The first ex-Yugoslav republic to join the euro zone is also addressing its hefty government bond obligations, taking advantage of returning investor confidence to offer alternative repayment options that will be easier for the government to manage.
But the simultaneous announcement of a planned 5 percent cut in the public sector wage bill hints at the pain yet to come as Slovenia remakes an economy still 50-percent controlled by the state.
"The government will not be able to remain idle, as the European Commission and investors are closely following what is happening in Slovenia and pressing for reforms," said Primoz Cencelj of investment fund KD Skladi, forecasting another financial crisis in 2015 if measures taken now aren't tough enough.
Crony capitalism blossomed during Slovenia's export boom years after euro entry in 2007, leaving a trail of bad debts that the government managed to clean up in December without outside help, pumping 3.3 billion euros ($4.5 billion) into mainly state-owned banks.

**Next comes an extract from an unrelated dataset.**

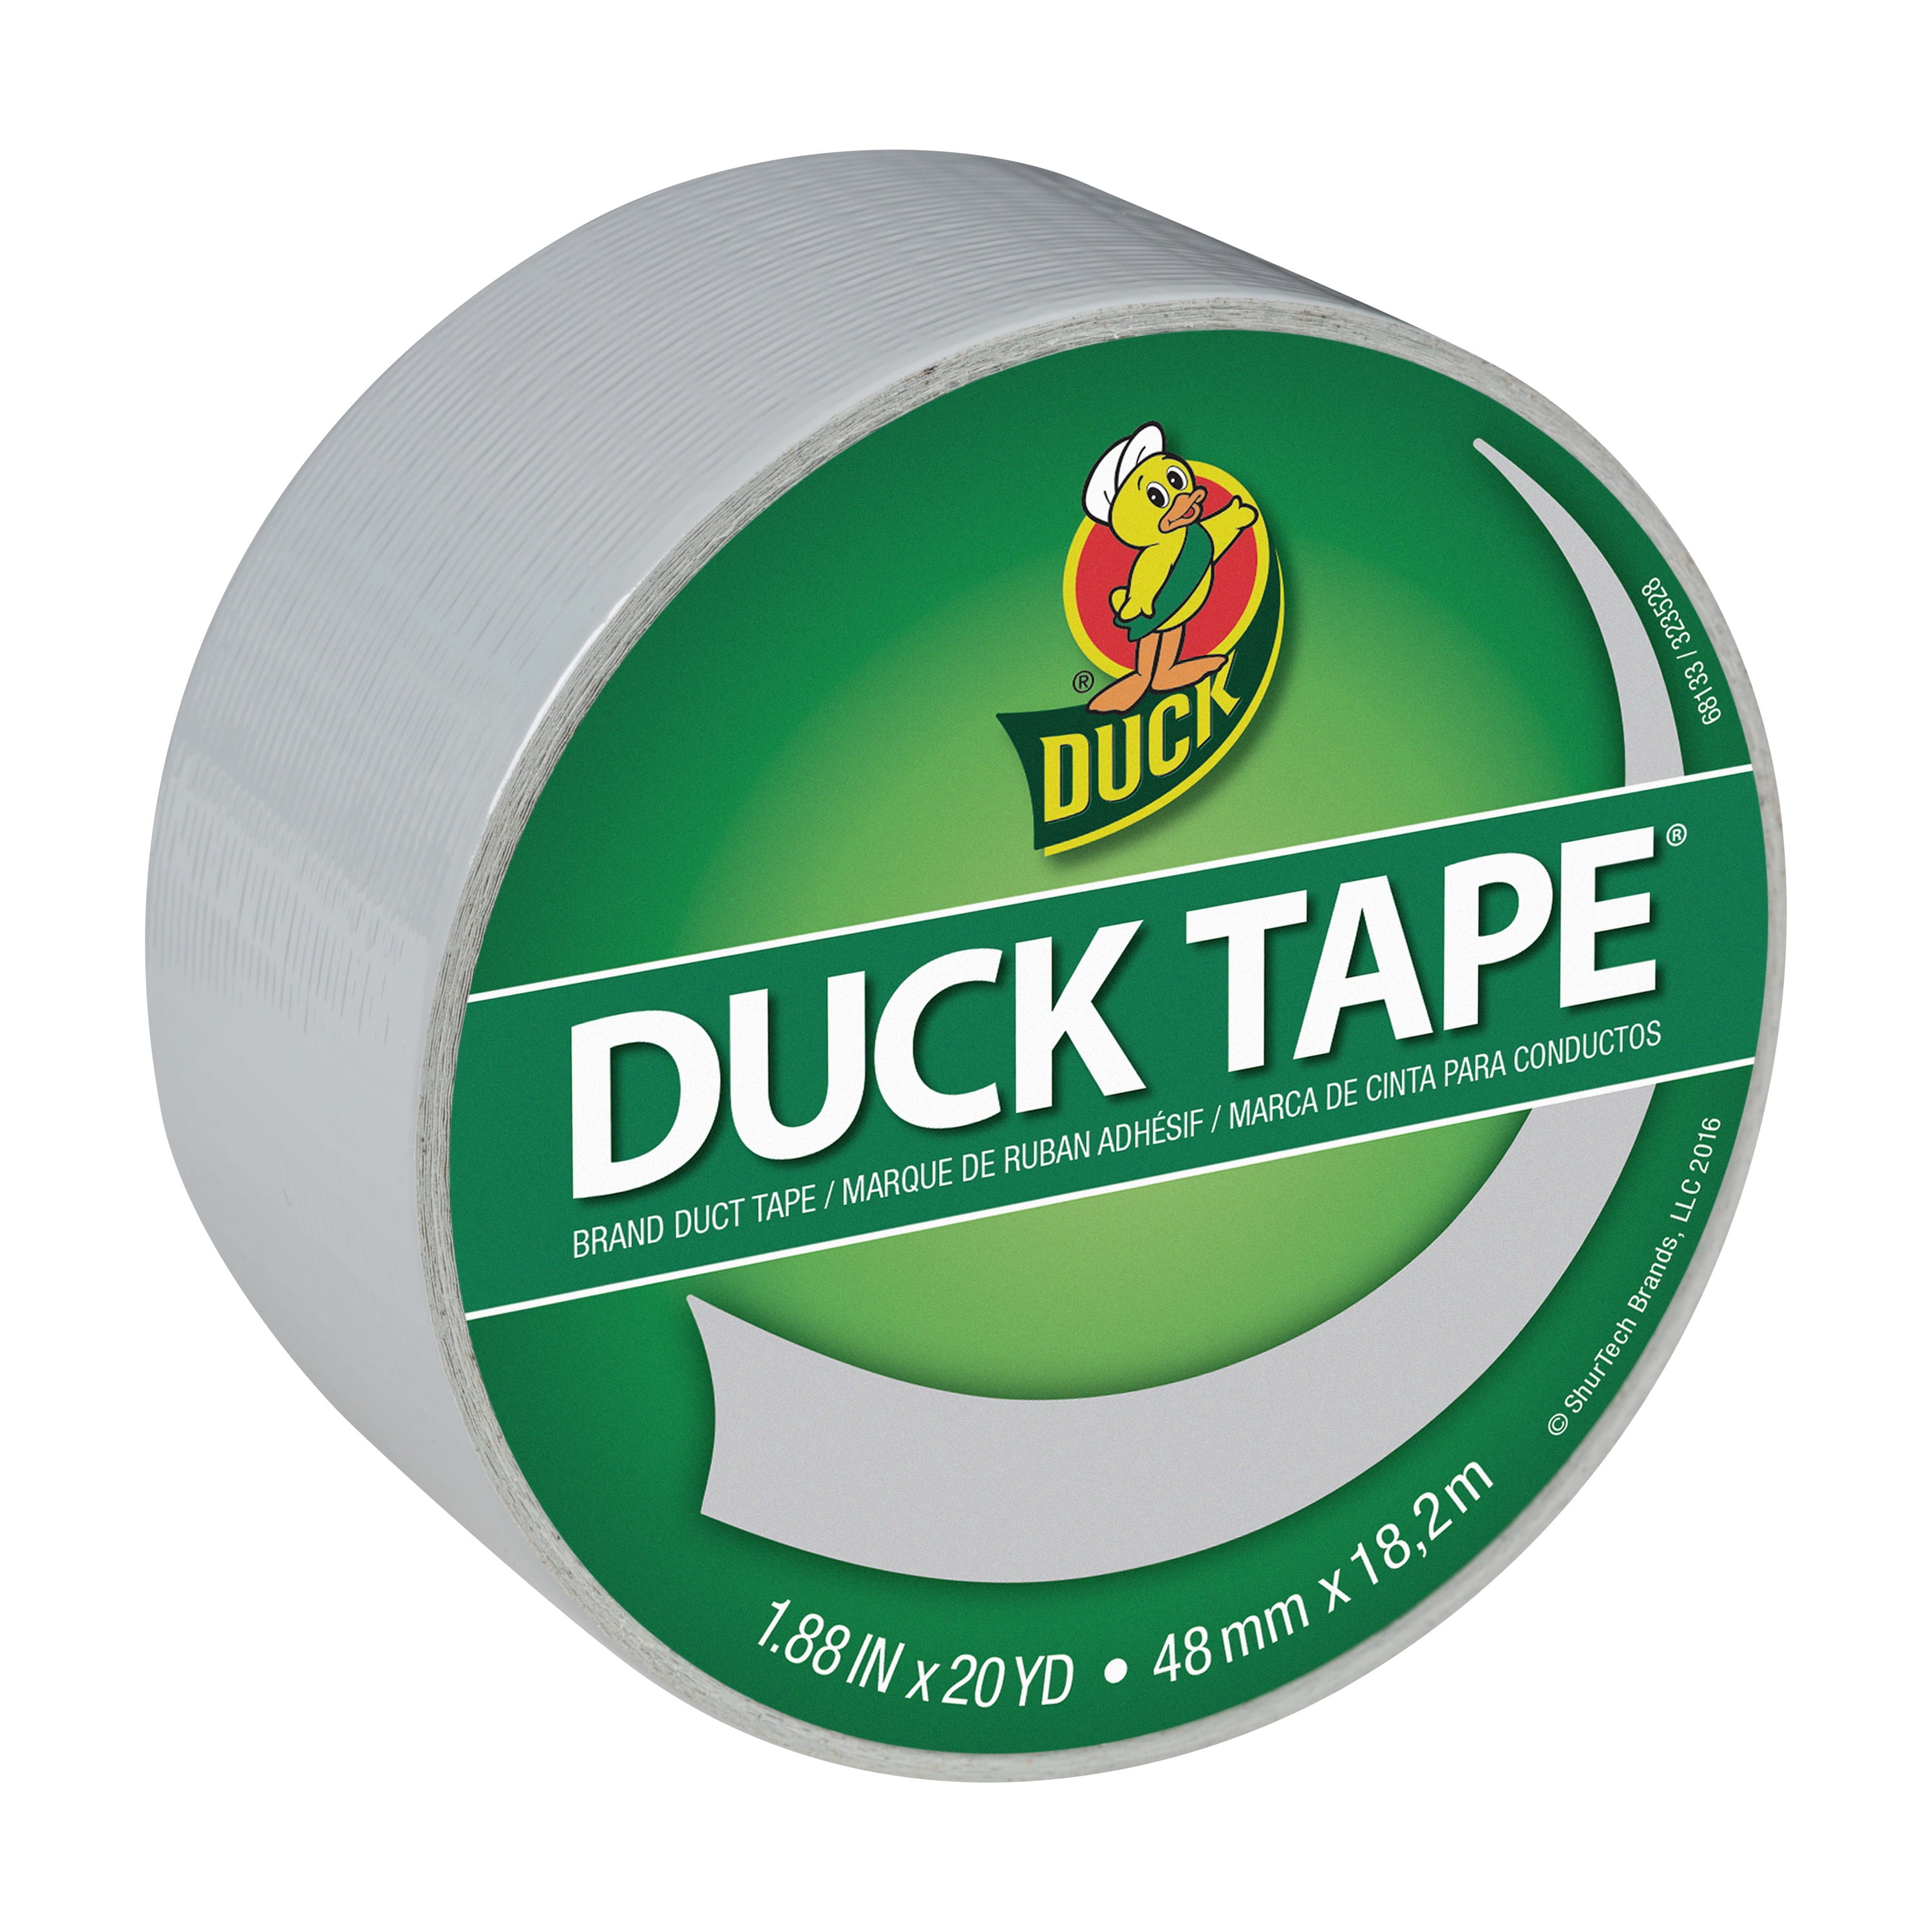 x 20 yd White Colored Duct Tape Duck Brand 1.88 in

But the bad loan portfolio still stands at 11 billion euros, 31 percent of annual national output - a level central bank governor Bostjan Jazbec described last month as "worrisome".
Tuesday's bond issue, totaling 2 billion euros, means Slovenia has secured its funding needs for the short run.
It "should enable Slovenia to avoid a bailout and remain in charge of its own destiny," said Timothy Ash, head of emerging market research at Standard Bank.
But with the economy - by the most optimistic forecasts - expected to grow just 0.5 percent this year, the disparate coalition government cannot afford to shirk painful spending cuts or state sell-offs.
Around a third of Slovenia's 24 billion euros of outstanding debt falls due over the next three years, Reuters data shows, with a hefty 4 billion euros - 11 percent of gross domestic product (GDP) - due to be redeemed in 2016 alone.
Alenka Bratusek's government had already cut public sector wages by about 2.5 percent in 2013 when it announced plans for a further cut of 5 percent in 2015. It has transferred banks' bad loans into a 'bad bank' and the banks are cutting jobs, branches and other costs.
Only two of the 15 state-controlled companies slated for privatisation have been sold so far.
But more sales are expected this year. On Wednesday, Slovenia called for bids for telecoms firm Telekom Slovenia , the most valuable of the 15..
Slovenia hopes the sales will not just top up budget revenues, but also improve corporate governance and shut down room for corruption after years of mismanagement and politically-motivated lending by the big banks.
"Privatisation is necessary for politics to move out of the economy and make companies more effective," said Saso Stanovnik, chief economist at investment firm Alta Invest.
The finance ministry is proposing to increase VAT (value-added tax) to 24 from 22 percent for eight months from May 1, to make up for a court decision on Friday striking down a proposed real estate tax worth an estimated 126 million euros per year.
However, the government coalition of four parties with clear policy differences has not agreed the VAT increase yet.
It is also under pressure to further rein in public spending and tackle the grey economy. With the bank recapitalisation, the budget deficit soared to 14.7 percent of gross domestic product last year. The government is targeting 4.2 percent this year.
In a sign of market confidence, the yields on Tuesday's issue stood at 1.75 percent for the 3.5 year bond and 3 percent for the 7-year bond, well below the 4.7 percent Slovenia had to pay on its last euro-denominated 3-year bond issued in November.
About 4.5 billion euros in bad loans are planned to be transferred to the 'bad bank' to clean up banks for eventual sale. Some analysts said more bad loans might have to be transferred, but the recapitalisation seems to have worked, for now.
"Domestic banks still have a large proportion of bad loans but that will be gradually reduced as transfers to the bad bank progress," said Matej Simnic, bank analyst at Alta Invest.